Please repeat the data exactly. Any picture in it stays out.

§ **INFORMATION SHOWN**:
================================

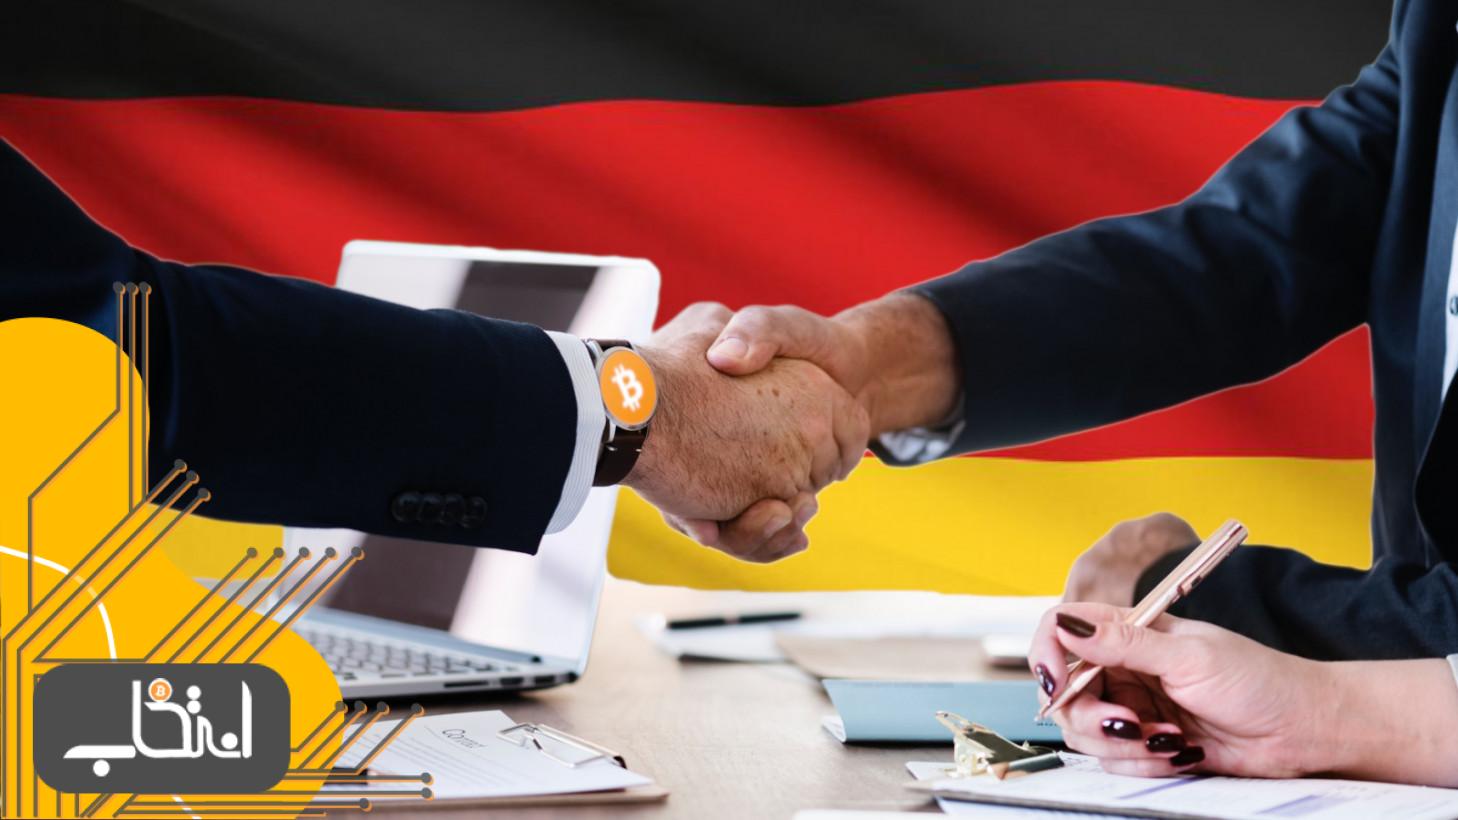 تنها صرافی مجاز بیت کوین در آلمان سال آینده به بانک تبدیل خواهد شد!
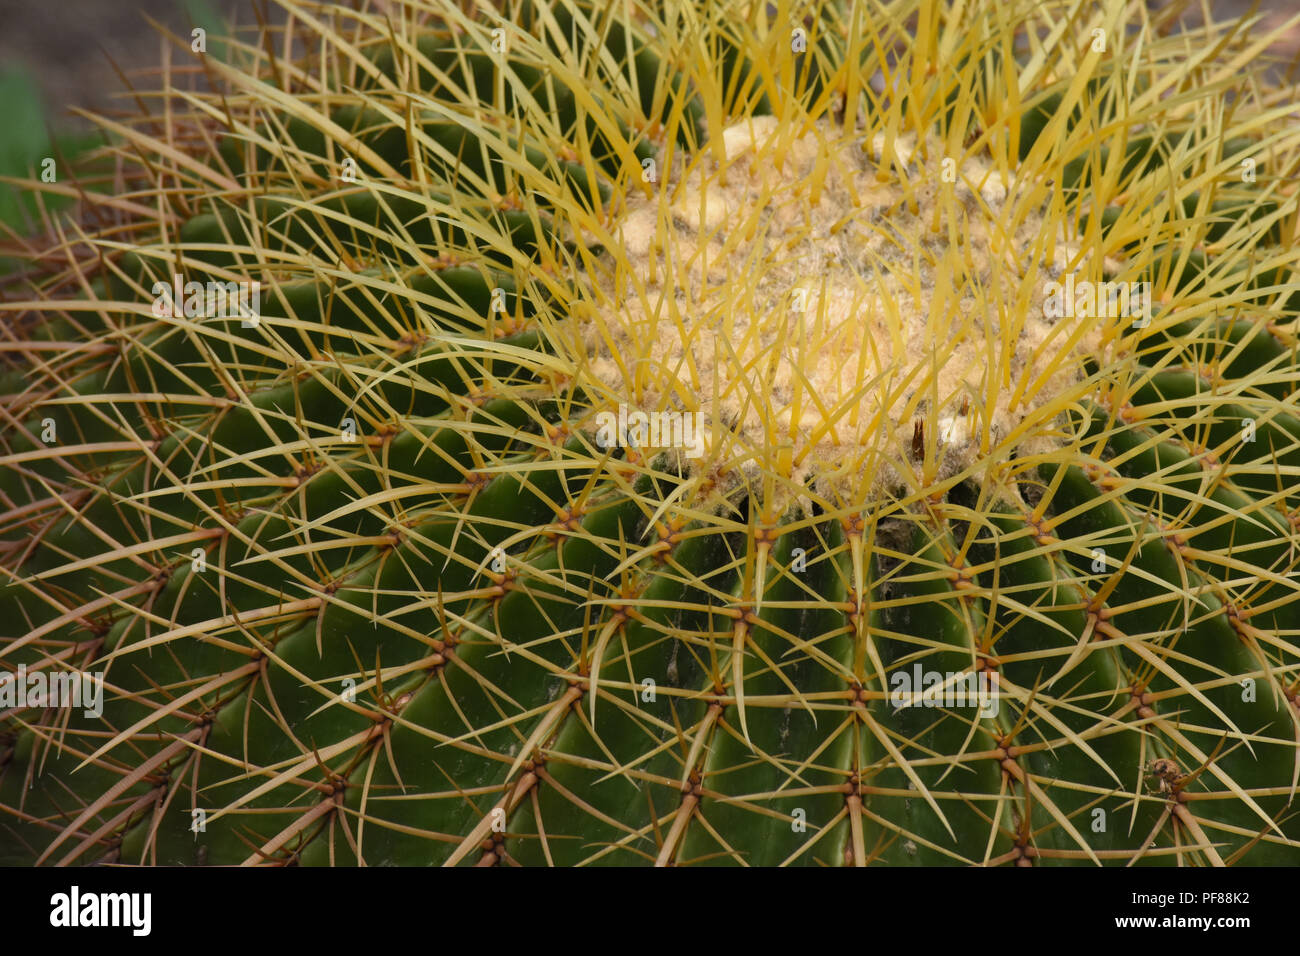 Close up of golden barrel cactus. Stock Photo
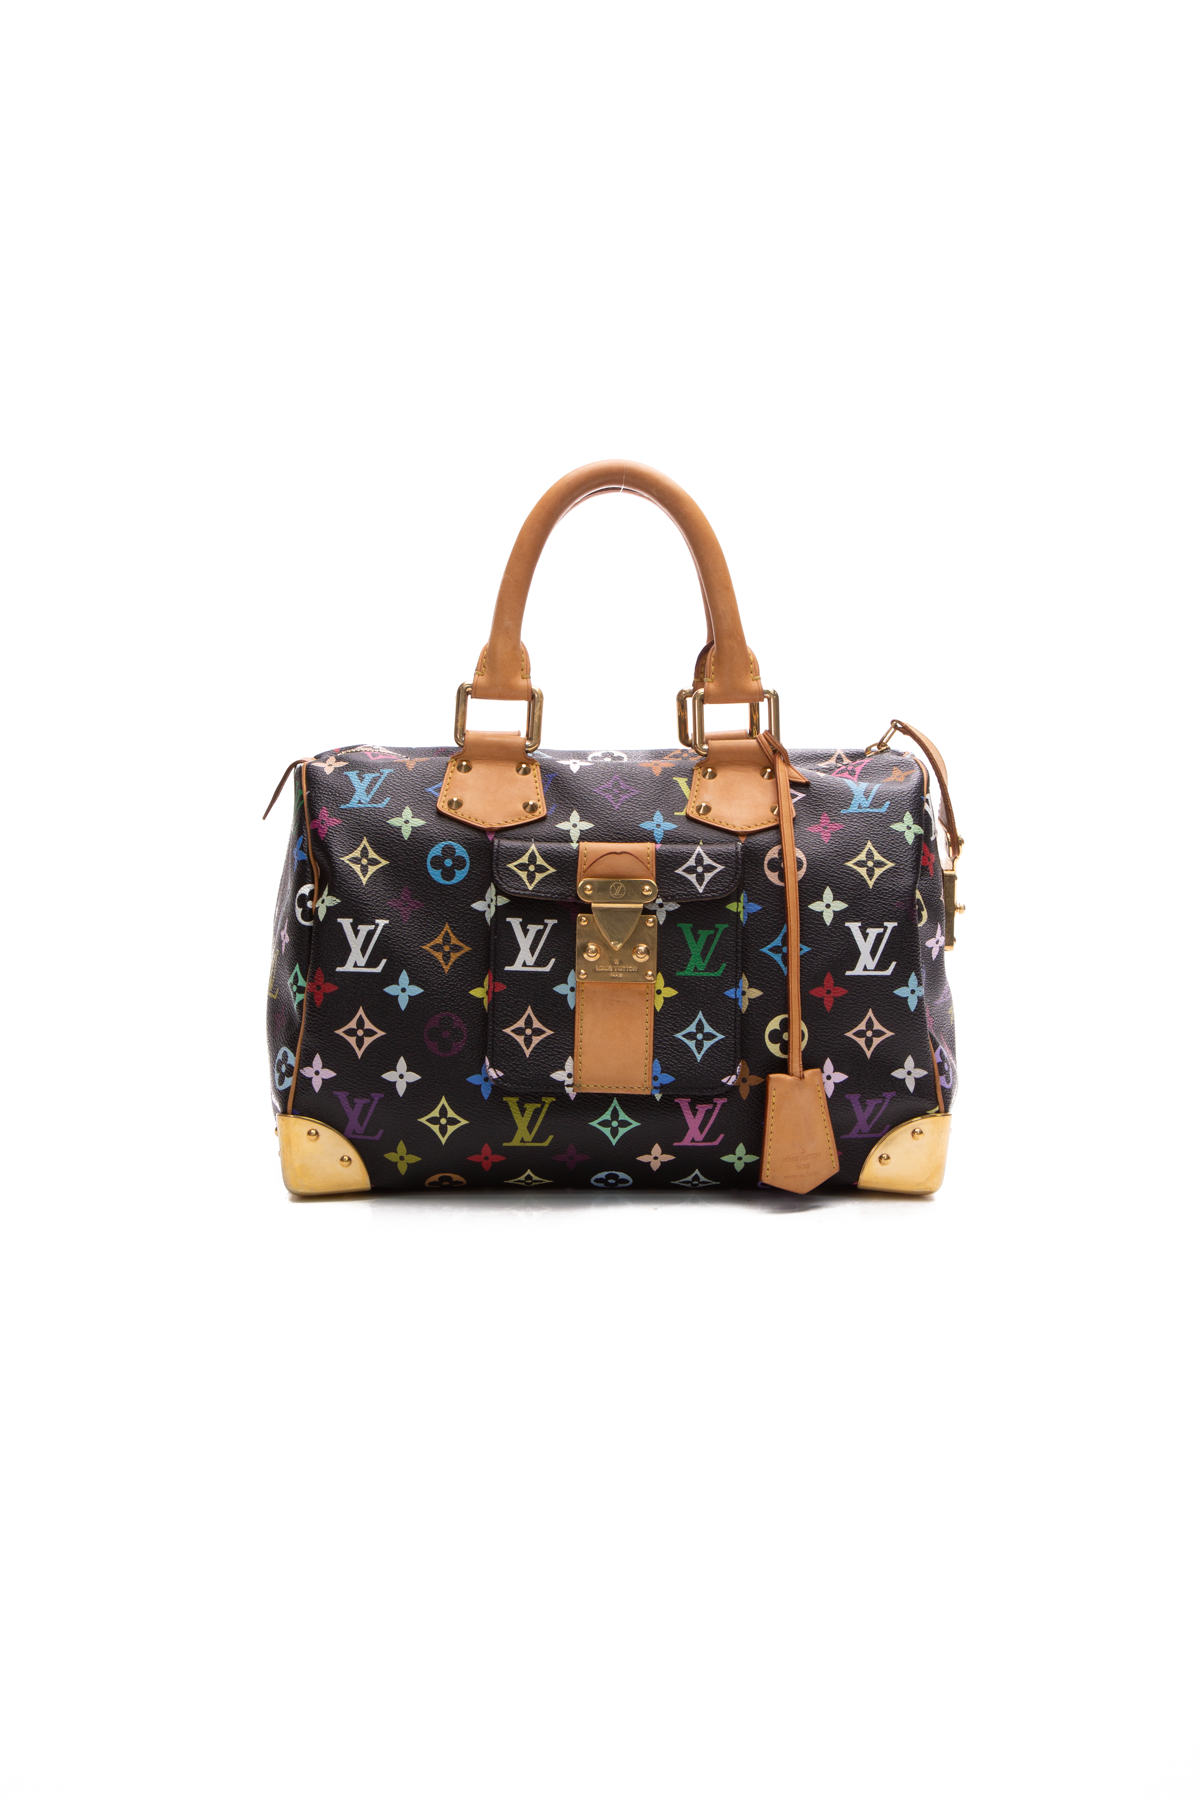 Louis Vuitton Speedy 30 Bag - Couture USA
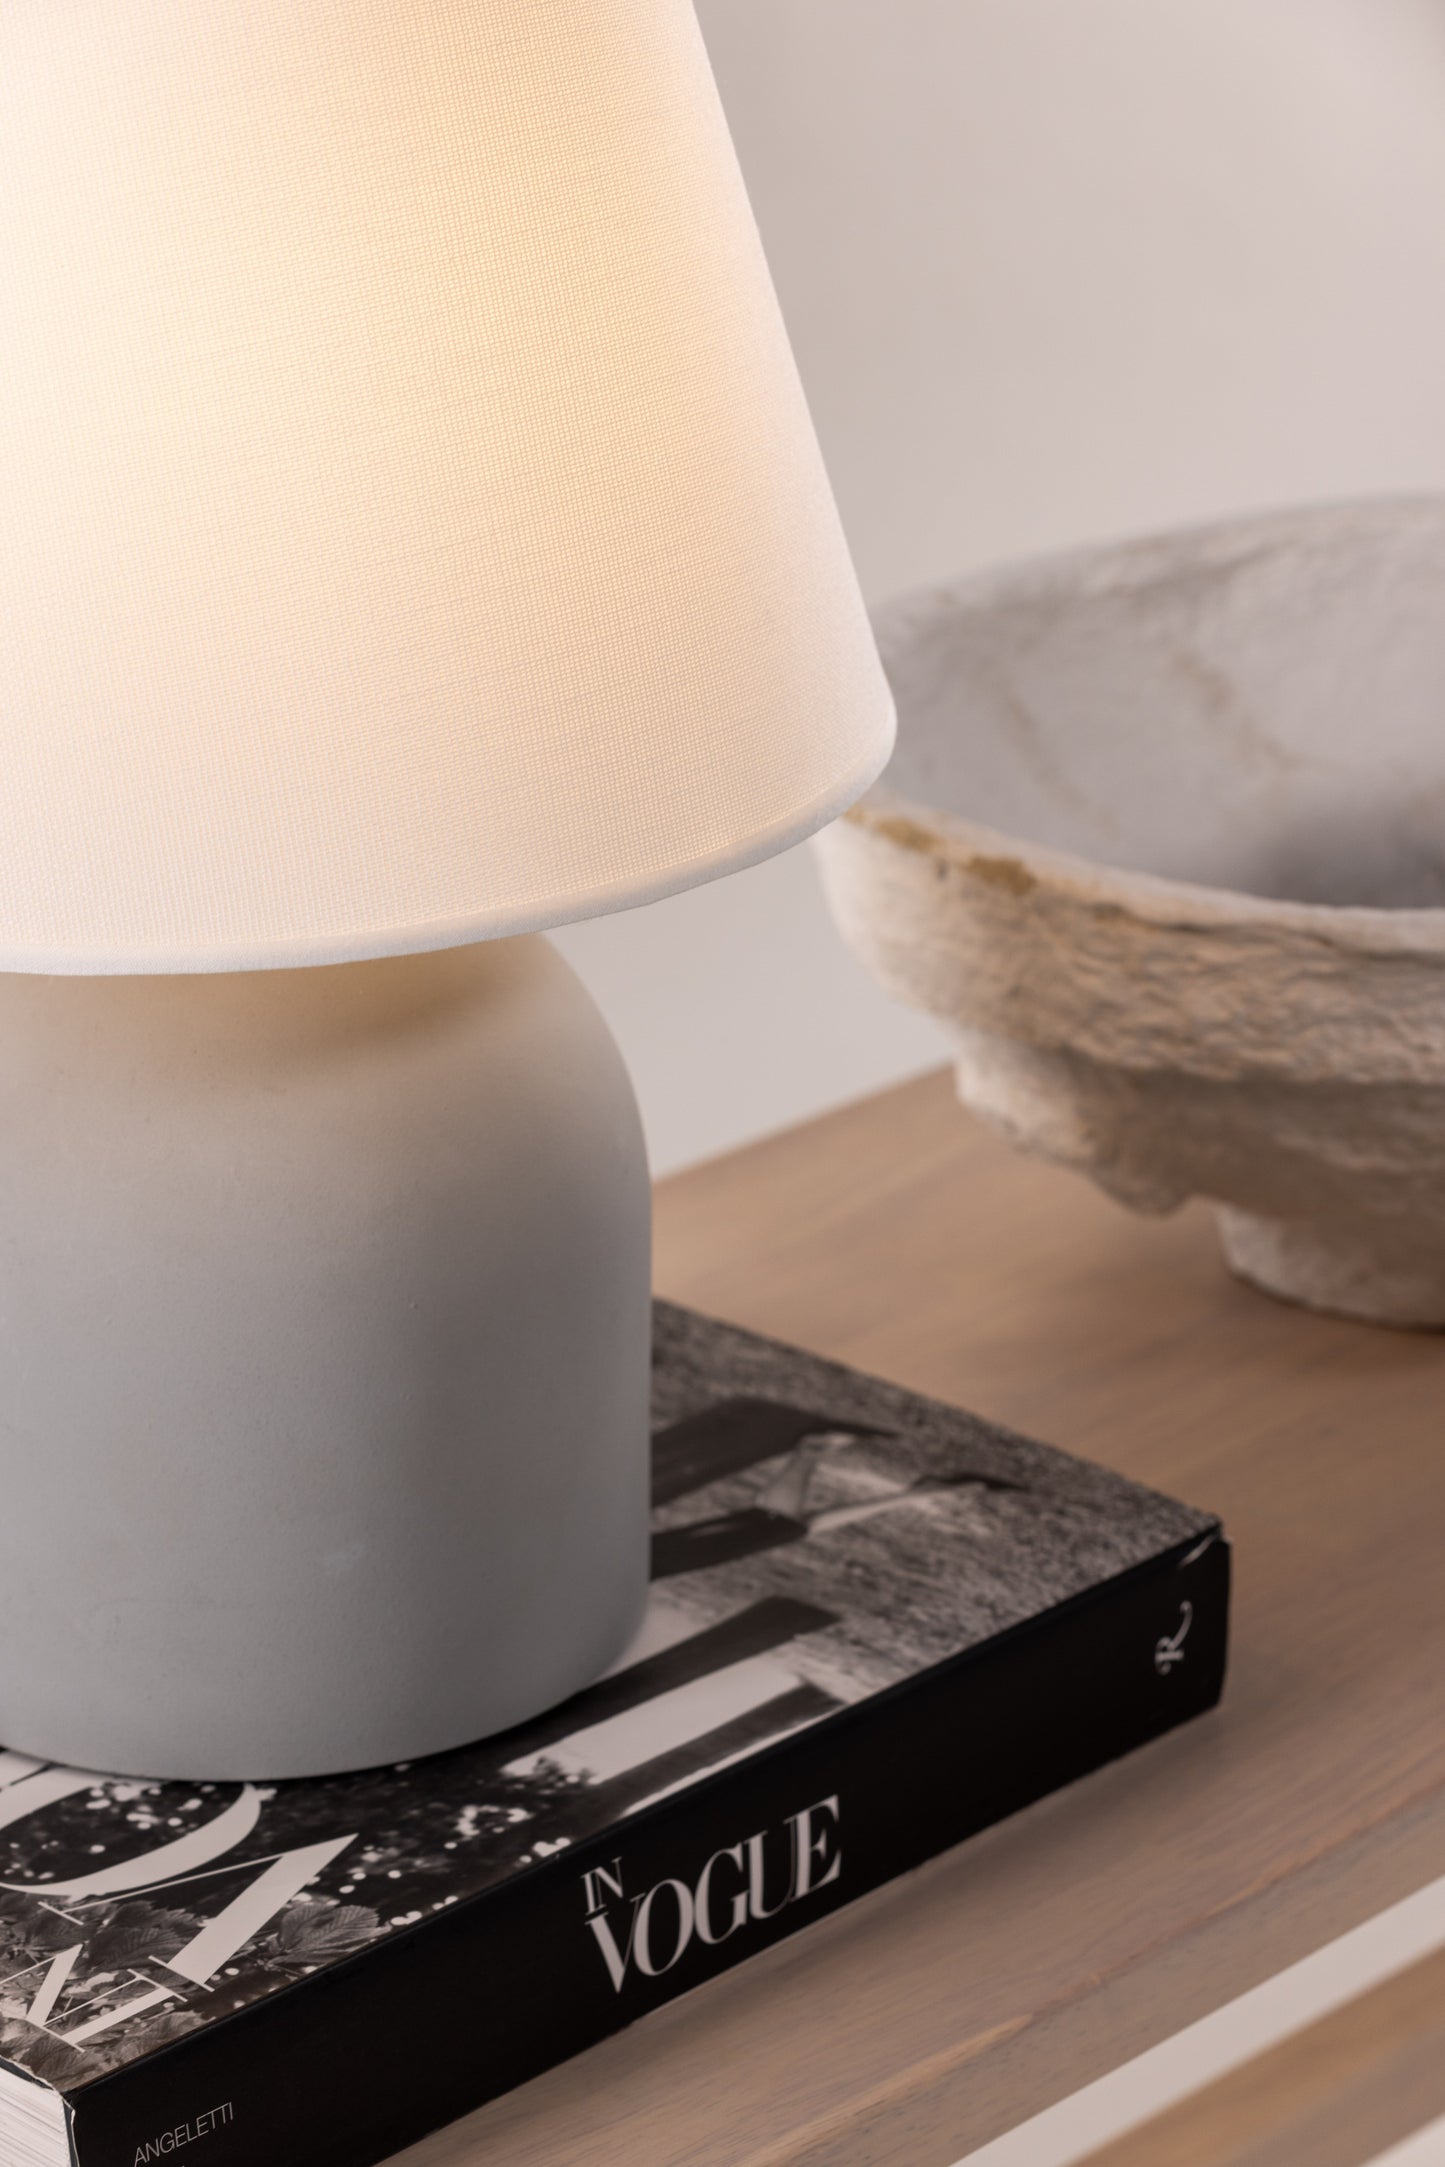 Styrsö Table Lamp - Concrete / Linen

================================

§ **THE COMPLETED TASK**:
 تنها صرافی مجاز بیت کوین در آلمان سال آینده به بانک تبدیل خواهد شد!
 Close up of golden barrel cactus. Stock Photo
 Louis Vuitton Speedy 30 Bag - Couture USA
 Styrsö Table Lamp - Concrete / Linen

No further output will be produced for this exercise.